Page 1 of 1

WARNING: RLIMIT_NPROC

Posted: Wed Mar 10, 2021 4:20 am
by andyb4u
Hi,

I've been asked to find out out what these messages mean in the event log and if they are anything to be concerned about?

Code: Select all

WARNING: RLIMIT_NPROC is 63448, total max estimated processes is 147241! You should increase your limits (ulimit -u, or limits.conf)

Re: WARNING: RLIMIT_NPROC

Posted: Wed Mar 10, 2021 5:48 pm
by dchurch
This is a warning designed to warn if you're doing a huge number of checks that may overload the system. Here's how it calculates this number.

Linux PIDs have a maximum of 65535 processes (threads) running at once. Processes may fail to start if the processes limit is reached.

I must ask: How many hosts and services are you checking? How often are those checks going out? Every minute? How's the CPU and network usage on the Nagios XI machine (run top)?

You could greatly lessen the load on the system by increasing the delay between checks. It might even be a good idea for checks like disk usage and SSL cert expiration to have a much longer delay between checks -- say 1 hour to 1 day.

Re: WARNING: RLIMIT_NPROC

Posted: Thu Mar 11, 2021 5:09 am
by andyb4u
We have 1508 hosts and 13566 service checks.The majority of the checks are every 5 minutes. Some checks are once a day.
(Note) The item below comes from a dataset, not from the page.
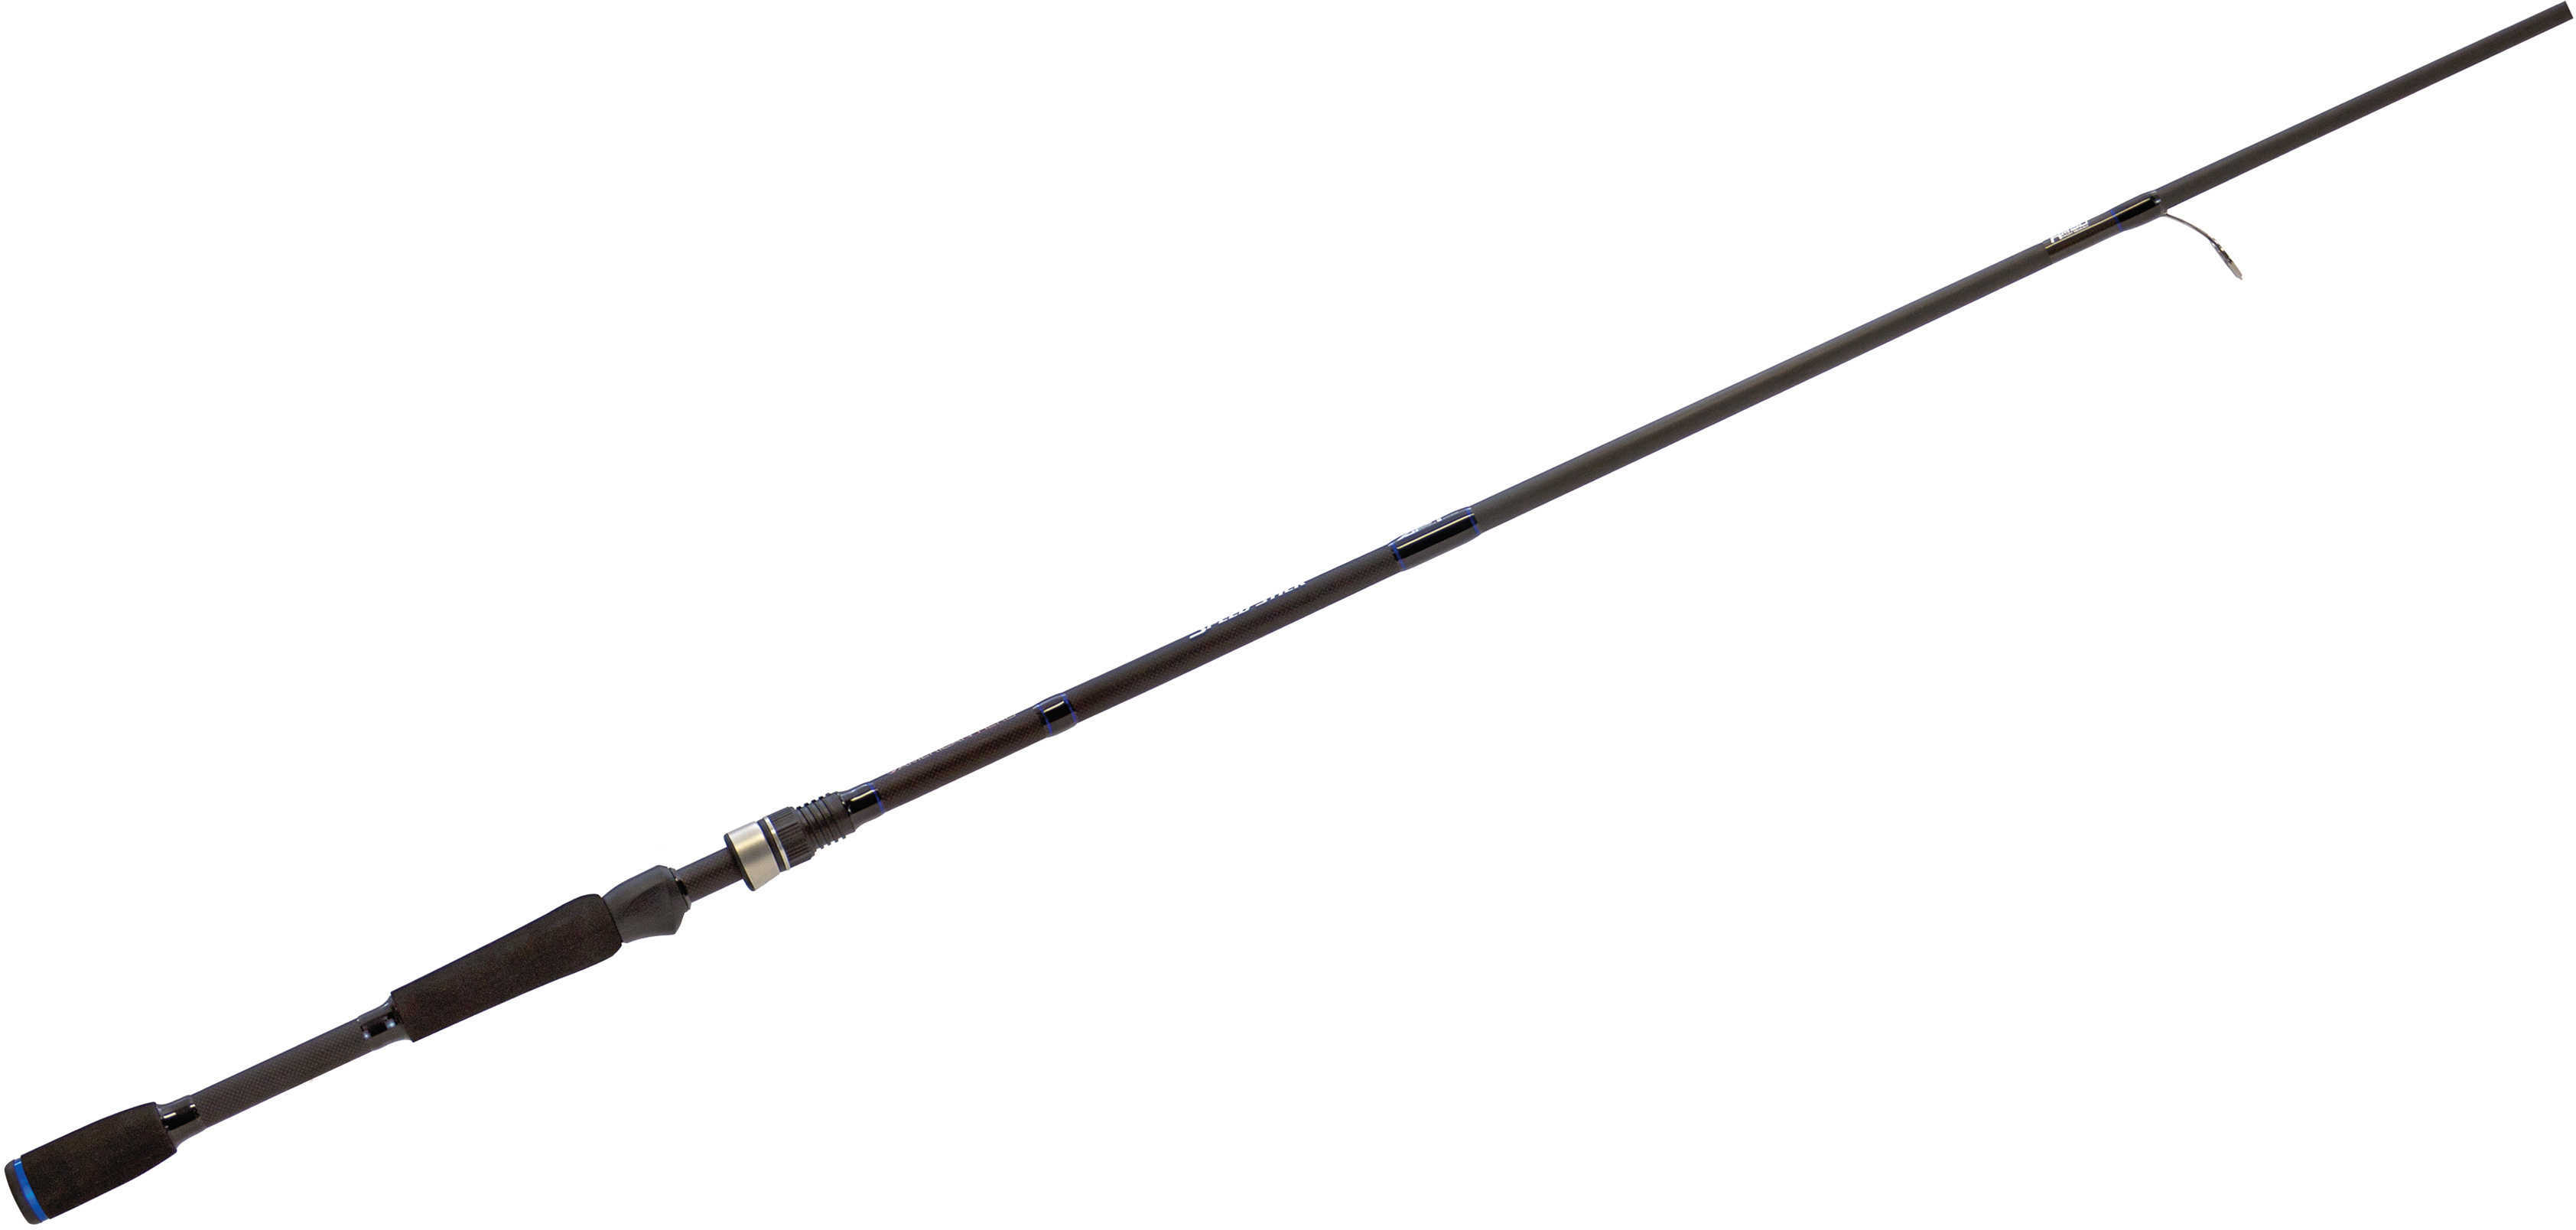 Lew's American Hero Speed Stick Rod Spinning, Medium/Heavy, 7' Md: AH70MHS

We have an offloaded database and the checks are offloaded to 3 Mod-Gearman worker servers.
top.jpg
Server Statistics.jpg
Monitoring Performance.jpg

Re: WARNING: RLIMIT_NPROC

Posted: Thu Mar 11, 2021 3:55 pm
by dchurch
Since you're using Mod Gearman, the warning isn't about a problem that can happen on your system; Mod Gearman splits the load between multiple servers, but the warning only applies if all checks went out from the same server.
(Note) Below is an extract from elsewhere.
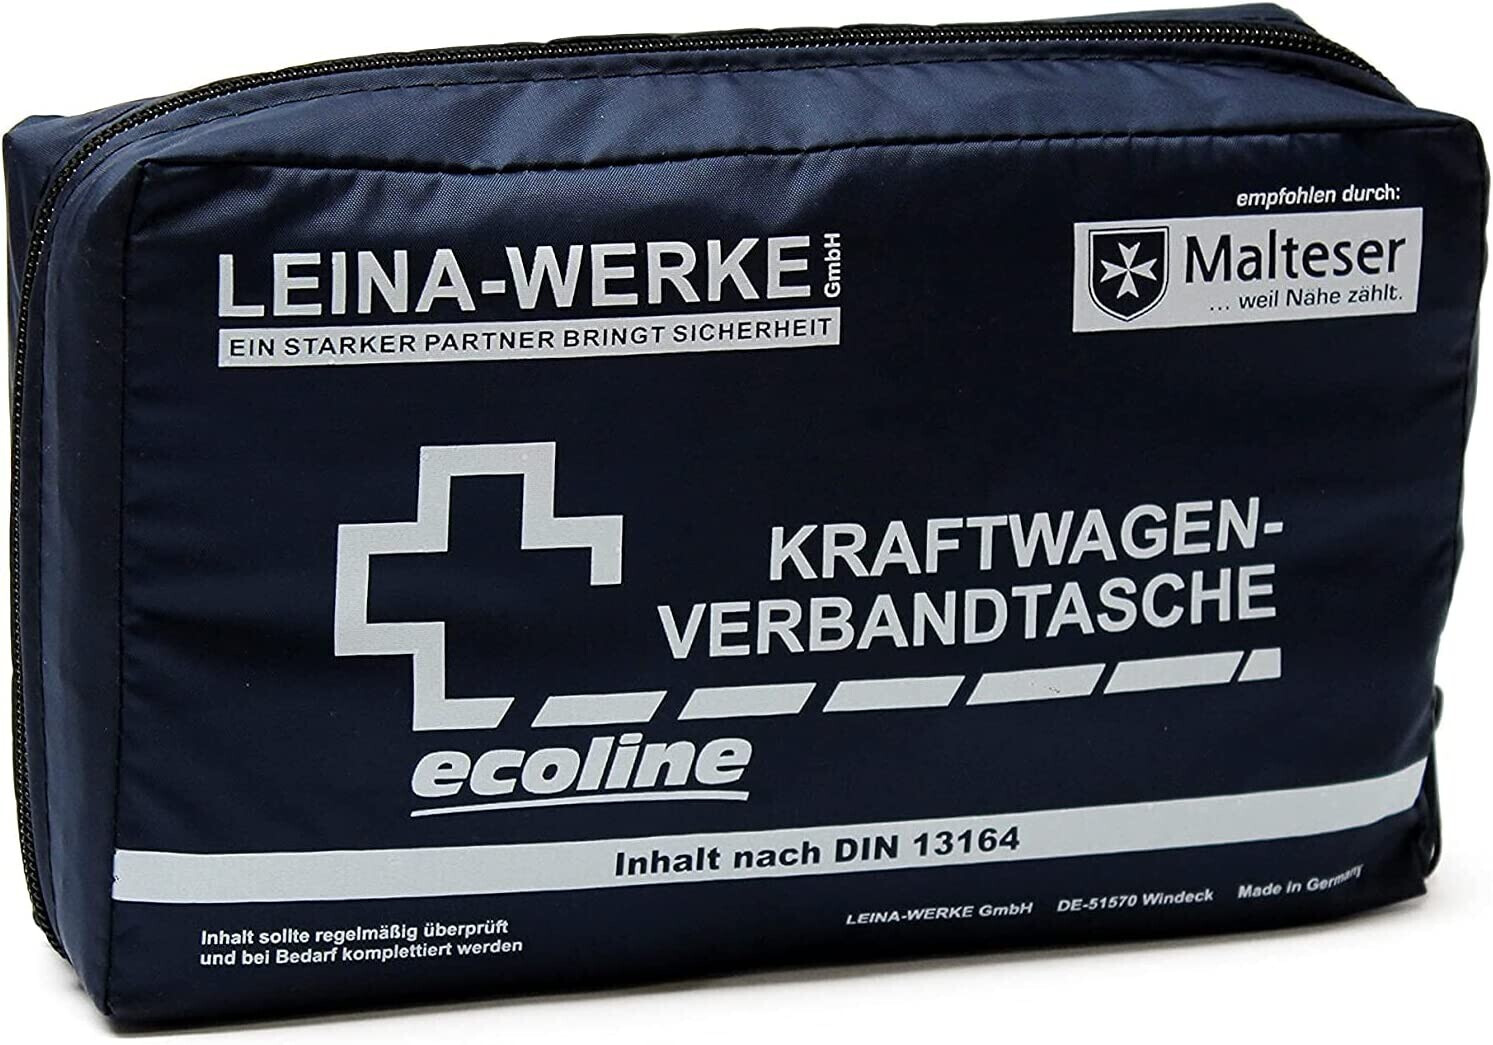 Leina-Werke Kraftwagen Verbandtasche ecoline DIN 13164 inkl. OP

Warnings are just warnings after all. Your system configuration is fine - it doesn't seem like it'll come anywhere near the process limit.

Re: WARNING: RLIMIT_NPROC

Posted: Tue Mar 16, 2021 10:09 am
by andyb4u
That's good news.

Is there a way of increasing the limits, like the warning message says?

My line manager would like to know if there is some way to make the message disappear from our system.

Re: WARNING: RLIMIT_NPROC

Posted: Wed Mar 17, 2021 4:20 pm
by ssax
The calculation is invalid because nagios doesn't run all the checks at the same time and that message should be ignored (this was told to me by the dev that wrote that RLIMIT_NPROC check into Core when I asked him about it).

There isn't currently a way to remove it from your system without increasing your nproc limits to be higher that the value listed, for example, you can add these to your /etc/security/limits.conf:

Code: Select all

root hard nproc 250000
root soft nproc 250000
nagios hard nproc 250000
nagios soft nproc 250000
Then reboot the system to pick up the limit changes and see if that warning is gone.